These Arabs have no intention of leaving Israel. Here they enjoy all
the rights of Jews as
well as educational opportunities unequalled in
the Arab-Islamic world. In Israel, moreover, they can refrain from
paying taxes,
commit crimes with impunity, and receive subsidies for
large-families to facilitate their eventual political ascendancy.
Hence it is
futile and sheer folly to try and solve Israel's internal
demographic problem by creating a Palestinian state on Israel's
vulnerable
eastern border.
II. THE PALESTINIAN PROBLEM
Israel's internal demographic problem can be solved by vigorously
addressing the more urgent Palestinian problem. Those who advocate a
Palestinian state ignore the fact that even now here are more
Arabs
than Jews west of the Jordan and most reject Israel's existence.

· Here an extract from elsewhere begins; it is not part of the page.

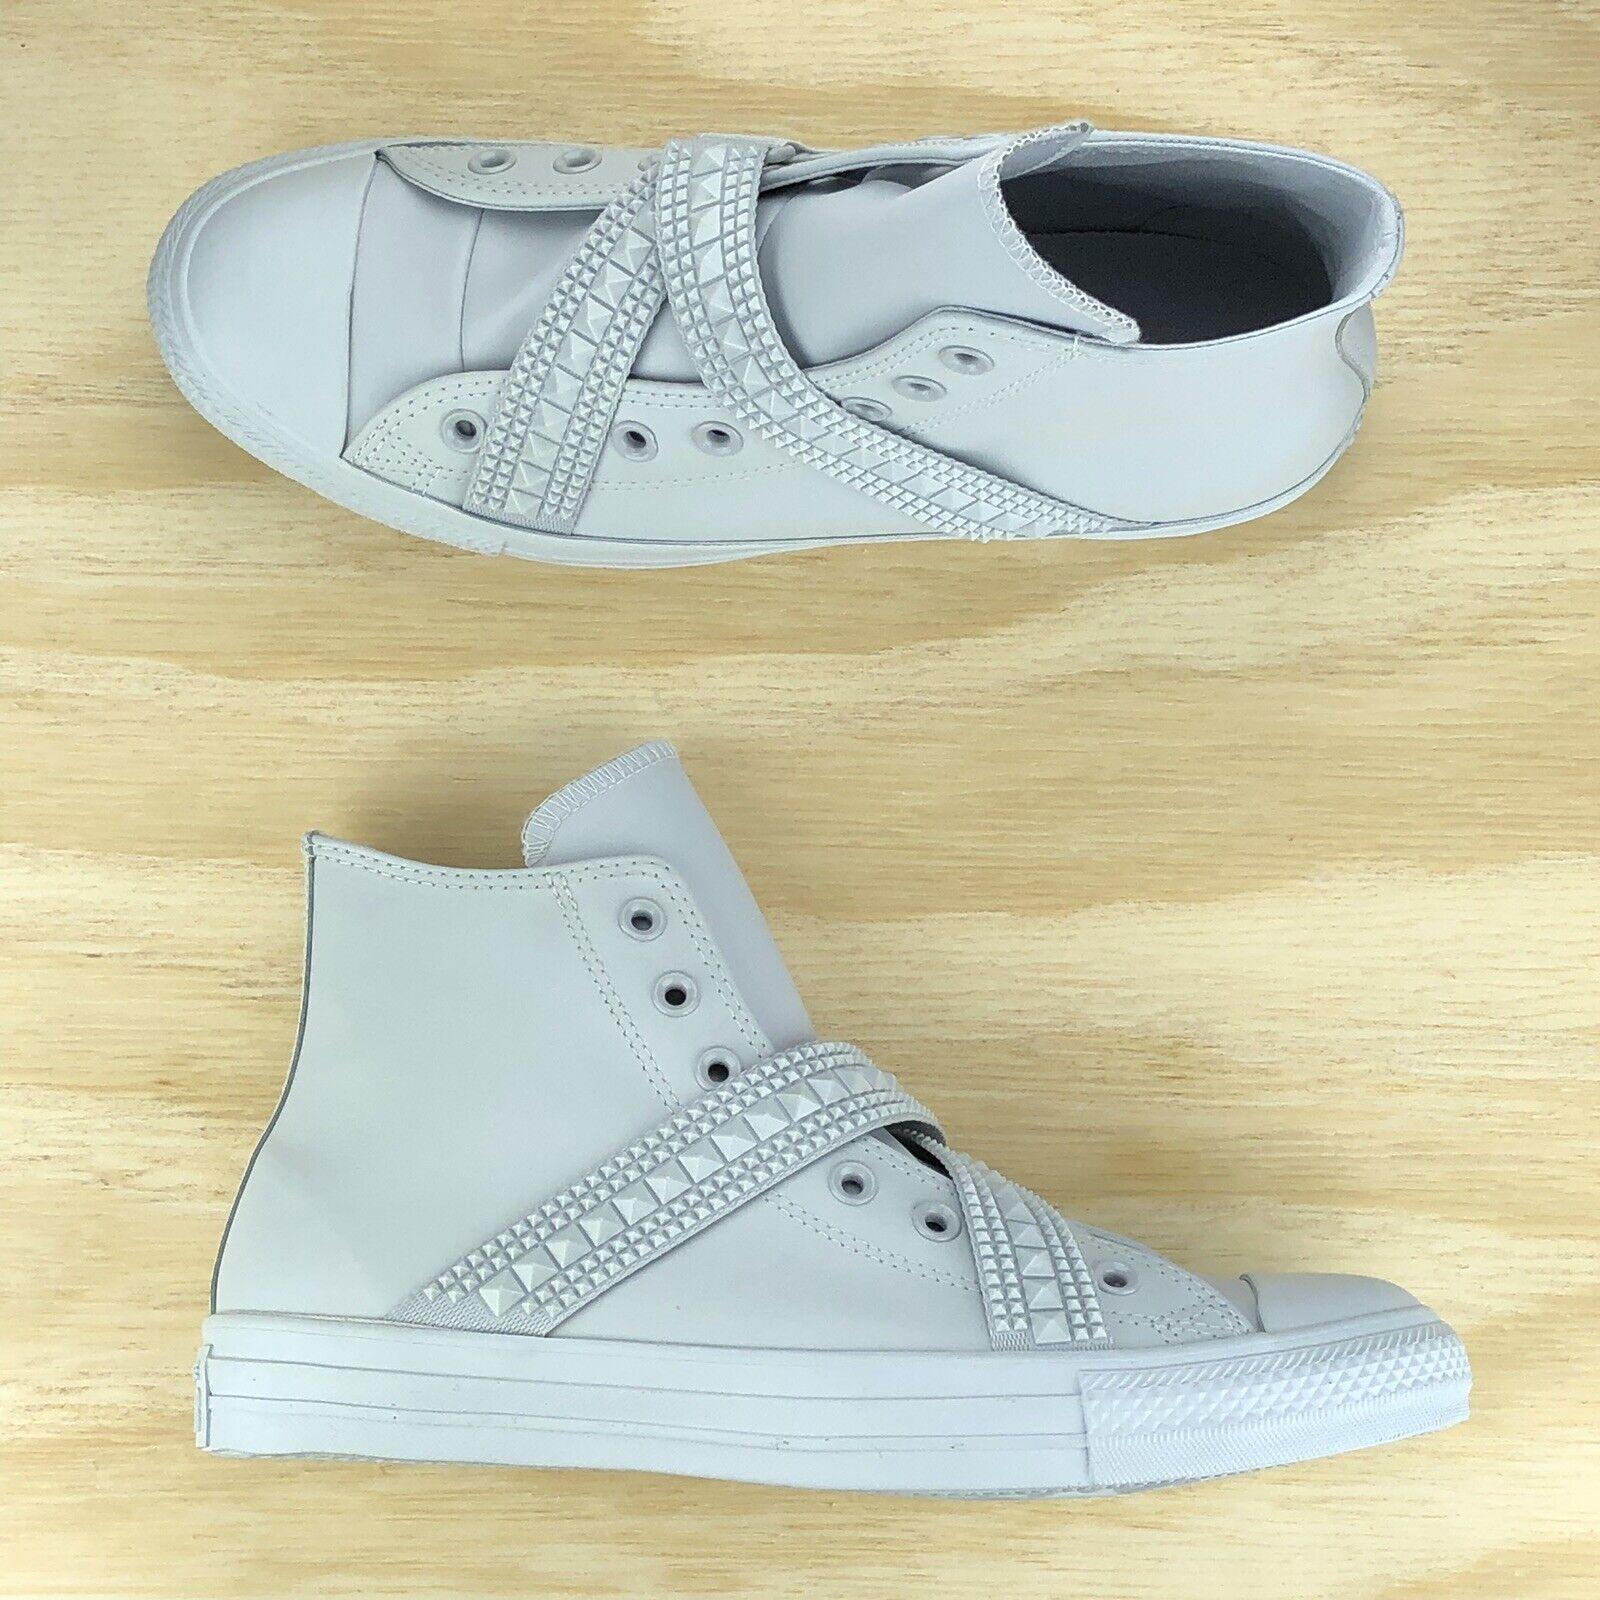 Converse Chuck Taylor All Star Hi Top Punk Strap Platinum Sneakers 562431C Sz 11

Therefore, an intellectually honest and courageous government
will:
(1) Abrogate the Oslo Agreement and, in one swift and sweeping
attack, eliminate the entire Palestinian Authority and its
terrorist
network. (Every delay increases the likelihood that the PA will
acquire deadlier weapons.) The only justification Israel
need offer
the world is the U.S. response to 9/11. There is no moral difference
whatever between the U.S. destruction of Osama bin
Laden's al-Qaeda
terrorist infrastructure in Afghanistan6,000 miles from Washington
and Israel's destruction of the Palestinian
terrorist infrastructure
next door to Jerusalem.
(2) Declare Jewish sovereignty over Judea, Samaria, and Gaza
(including
unequivocal jurisdiction over the Temple Mount) while
broadcasting evidence from Biblical and American sources confirming
Israel's
God-given as well as superior legal right to these areas.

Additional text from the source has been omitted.